Department of Clinical Pharmacy, University of Tennessee, Room 328, 881 Madison Ave., Memphis, TN 38163, USA.
Drug Metab Dispos. 2012 Aug;40(8):1487-94. doi: 10.1124/dmd.112.045799. Epub 2012 May 4.
The in vivo drug-drug interaction (DDI) risks associated with cytochrome P450 inhibitors that have circulating inhibitory metabolites cannot be accurately predicted by conventional in vitro-based methods.
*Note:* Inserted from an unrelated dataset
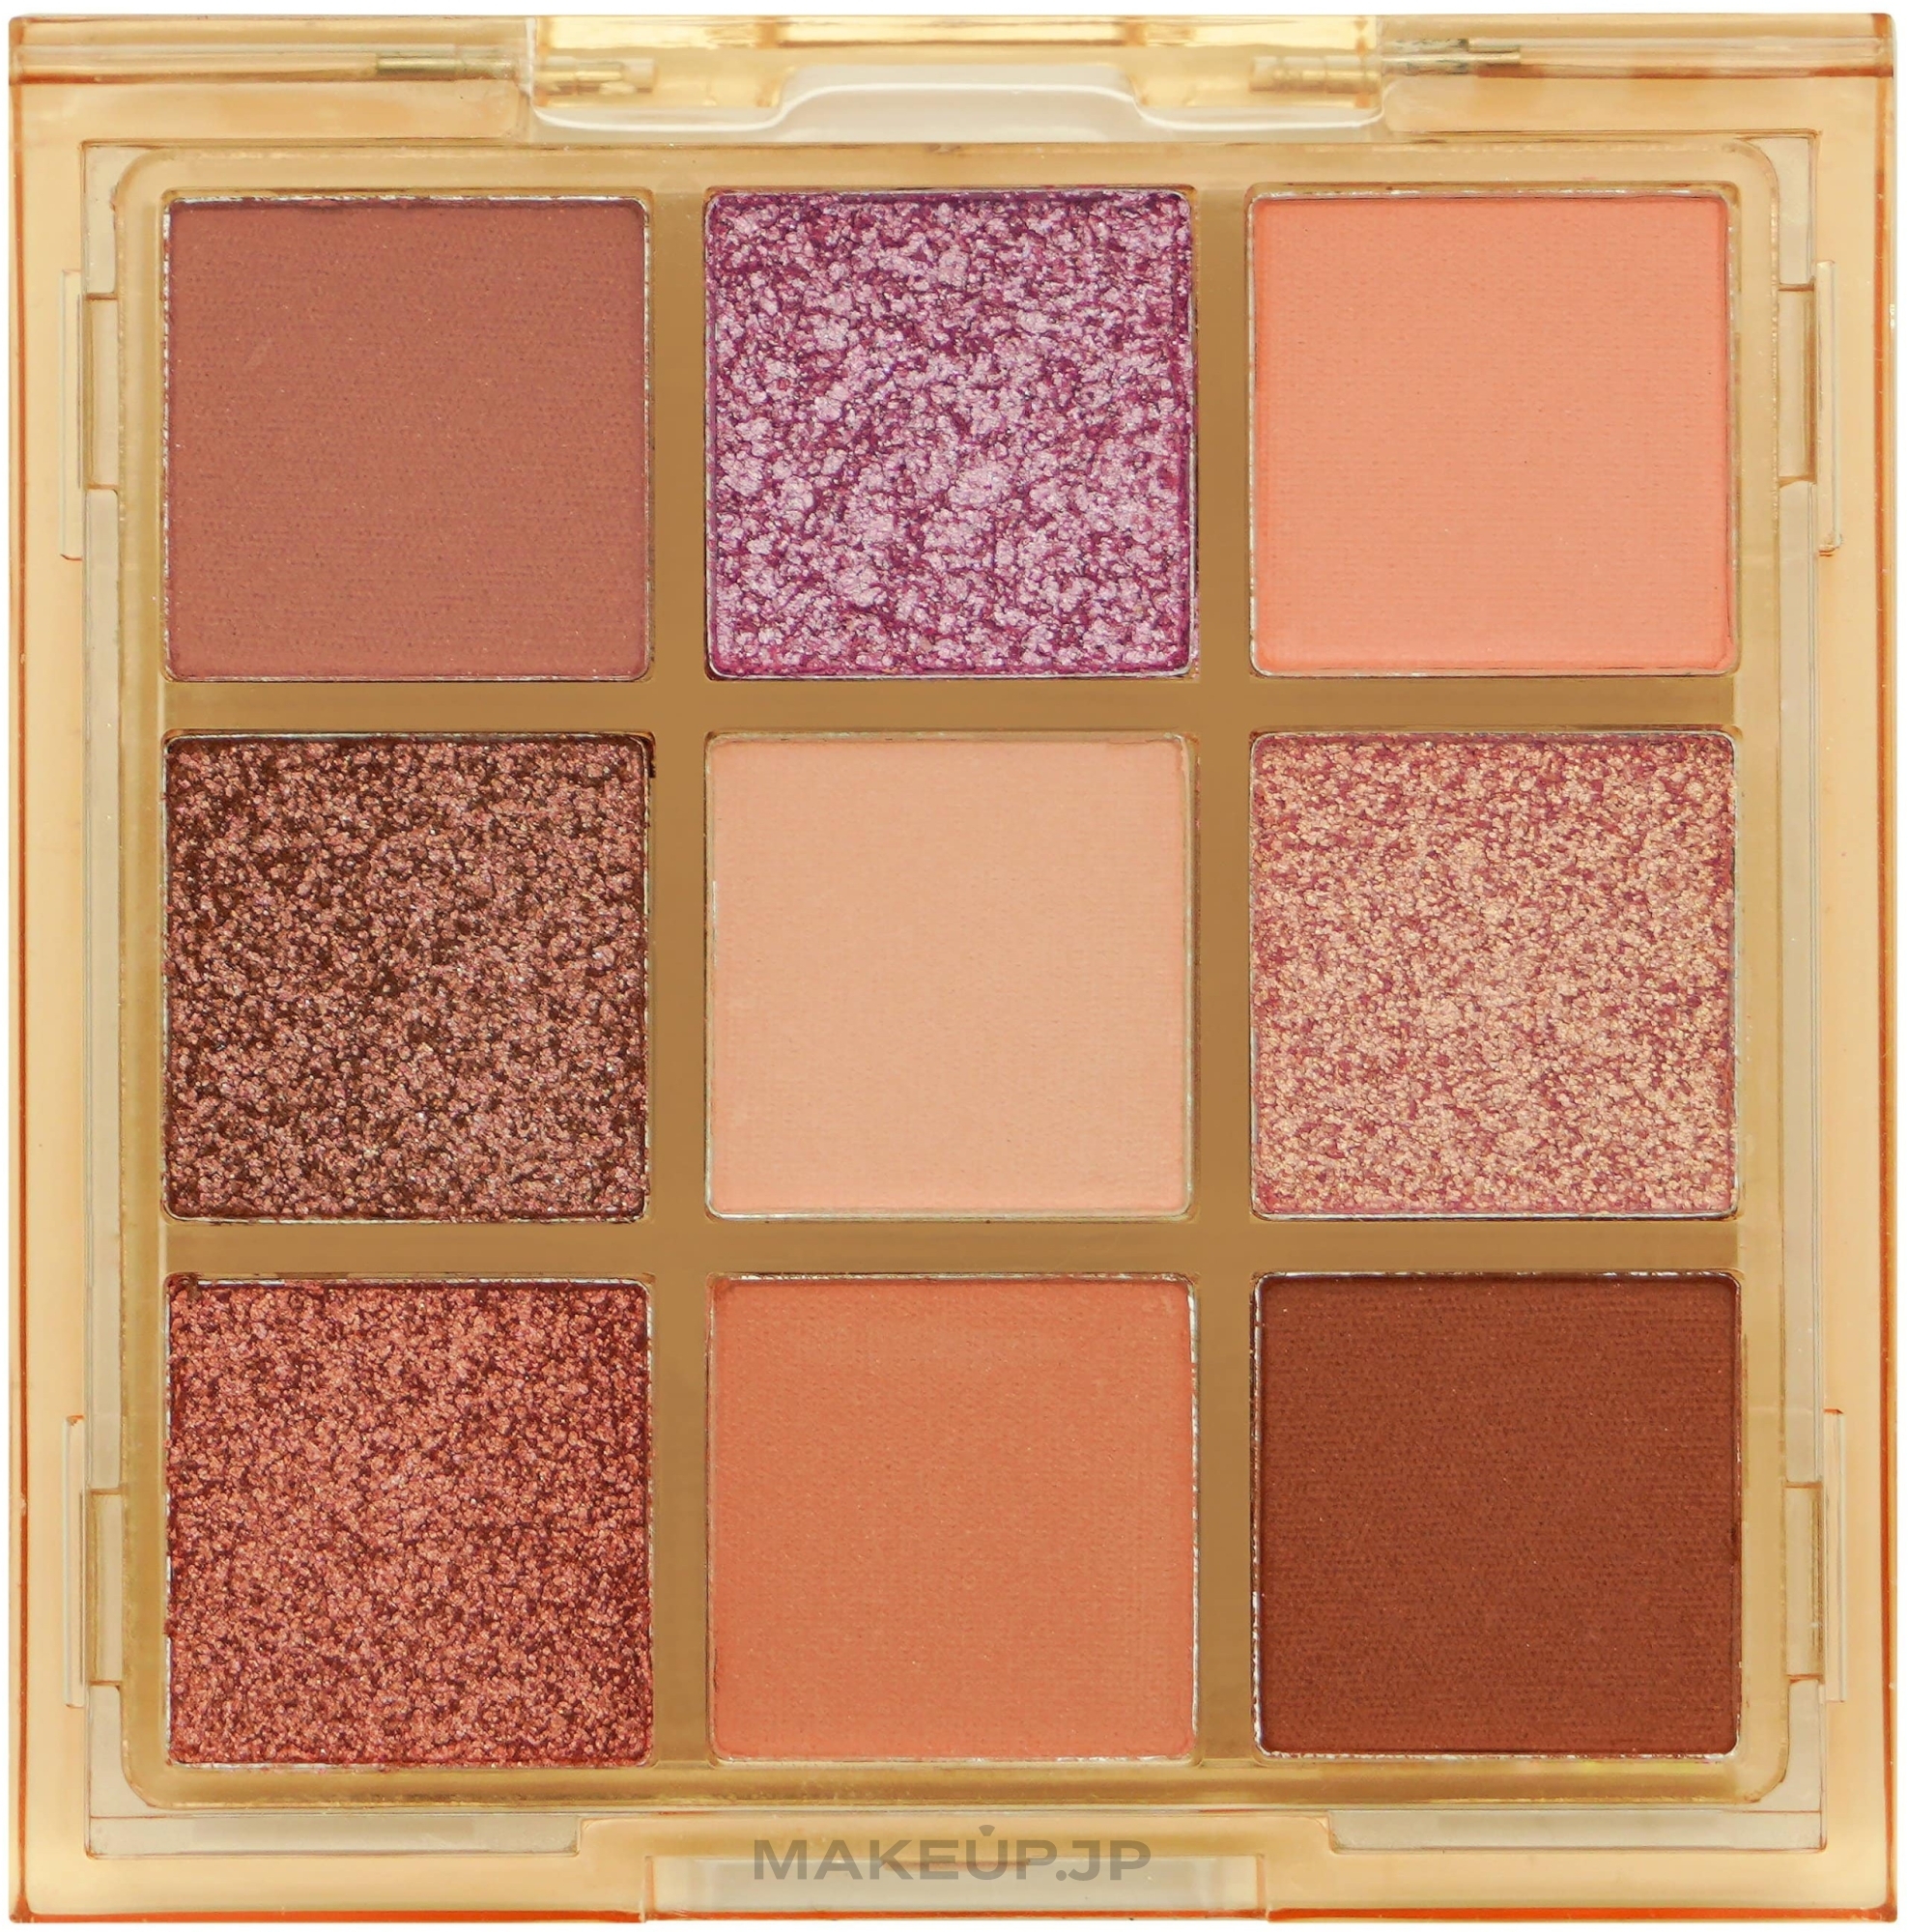 Eyeshadow Palette - W7 Bare All! Pressed Pigment Palette — photo Exposed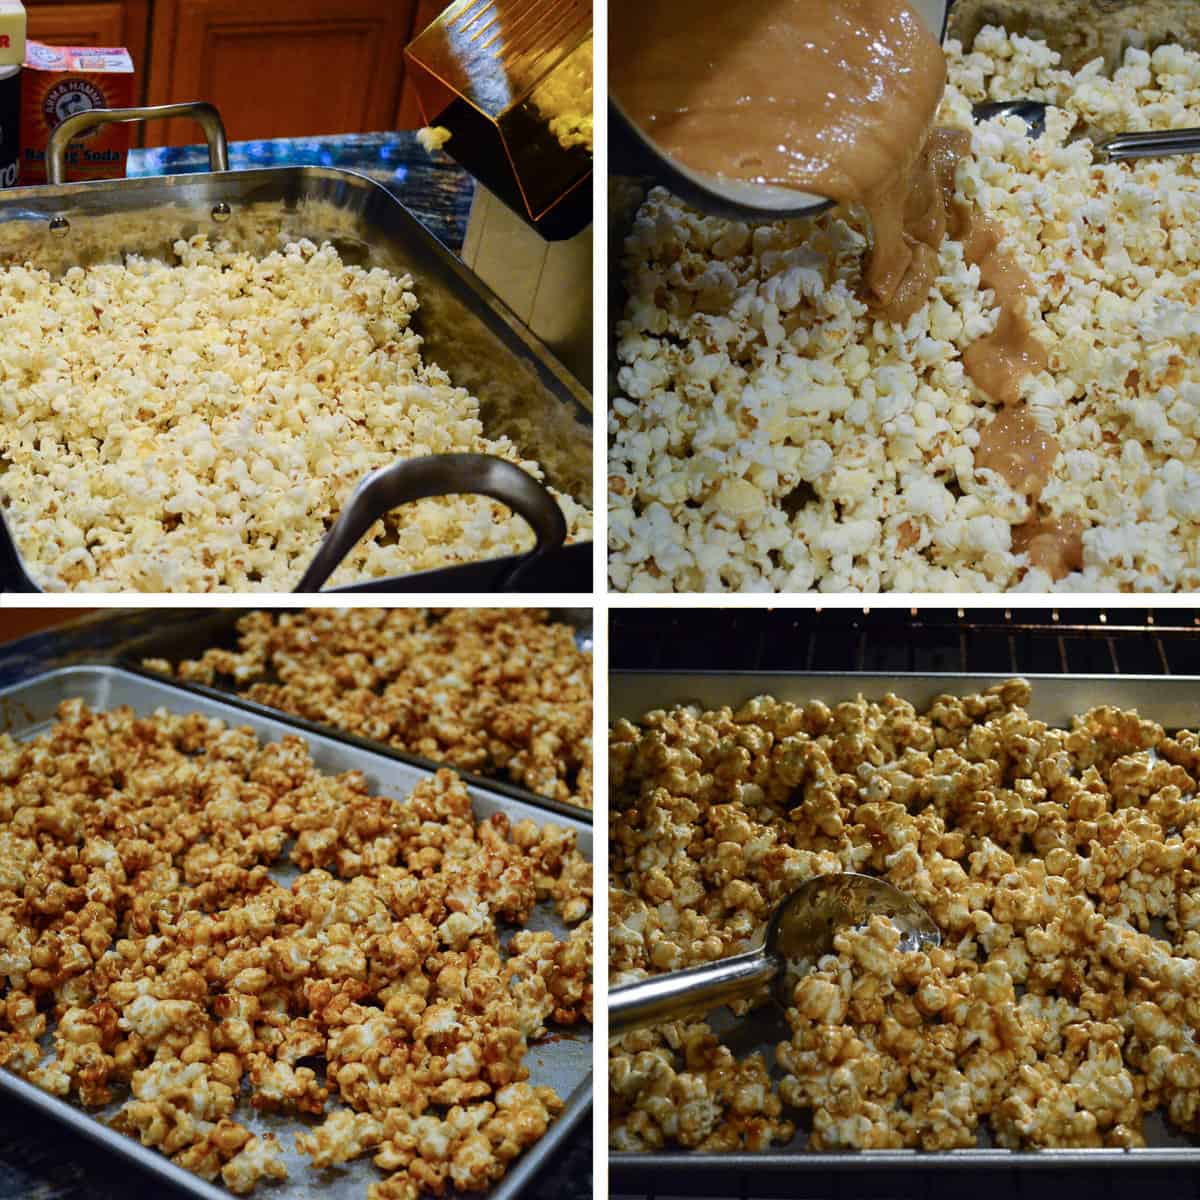 Corn being popped into a large roasting pan, it's coated with a caramel mixture and baked on a baking sheet.

A novel approach, in vivo information-guided prediction (IVIP), was recently introduced for CYP3A- and CYP2D6-mediated DDIs. This technique should be applicable to the prediction of DDIs involving other important cytochrome P450 metabolic pathways. Therefore, the aims of this study were to extend the IVIP approach to CYP2C9-mediated DDIs and evaluate the IVIP approach for predicting DDIs associated with inhibitory metabolites. The analysis was based on data from reported DDIs in the literature. The IVIP approach was modified and extended to CYP2C9-mediated DDIs. Thereafter, the IVIP approach was evaluated for predicting the DDI risks of various inhibitors with inhibitory metabolites. Although the data on CYP2C9-mediated DDIs were limited compared with those for CYP3A- and CYP2D6-mediated DDIs, the modified IVIP approach successfully predicted CYP2C9-mediated DDIs. For the external validation set, the prediction accuracy for area under the plasma concentration-time curve (AUC) ratios ranged from 70 to 125%. The accuracy (75-128%) of the IVIP approach in predicting DDI risks of inhibitors with circulating inhibitory metabolites was more accurate than in vitro-based methods (28-805%). The IVIP model accommodates important confounding factors in the prediction of DDIs, which are difficult to handle using in vitro-based methods. In conclusion, the IVIP approach could be used to predict CYP2C9-mediated DDIs and is easily modified to incorporate the additive effect of circulating inhibitory metabolites.
体内药物相互作用(DDI)风险与具有循环抑制性代谢物的细胞色素 P450 抑制剂相关,这些风险不能通过传统的基于体外的方法准确预测。最近引入了一种新方法,即基于体内信息的预测(IVIP),用于预测 CYP3A 和 CYP2D6 介导的 DDI。该技术应该适用于预测涉及其他重要细胞色素 P450 代谢途径的 DDI。因此,本研究的目的是将 IVIP 方法扩展到 CYP2C9 介导的 DDI,并评估 IVIP 方法预测与抑制性代谢物相关的 DDI。分析基于文献中报告的 DDI 数据。对 CYP2C9 介导的 DDI 进行了修改和扩展 IVIP 方法。此后,评估了 IVIP 方法预测具有抑制性代谢物的各种抑制剂的 DDI 风险。尽管与 CYP3A 和 CYP2D6 介导的 DDI 相比,CYP2C9 介导的 DDI 数据有限,但修改后的 IVIP 方法成功预测了 CYP2C9 介导的 DDI。对于外部验证集,AUC 比值的预测准确性范围为 70-125%。与基于体外的方法(28-805%)相比,IVIP 方法预测具有循环抑制性代谢物的抑制剂的 DDI 风险的准确性(75-128%)更高。IVIP 模型在预测 DDI 中考虑了重要的混杂因素,这些因素难以通过基于体外的方法处理。总之,IVIP 方法可用于预测 CYP2C9 介导的 DDI,并且易于修改以纳入循环抑制性代谢物的累加效应。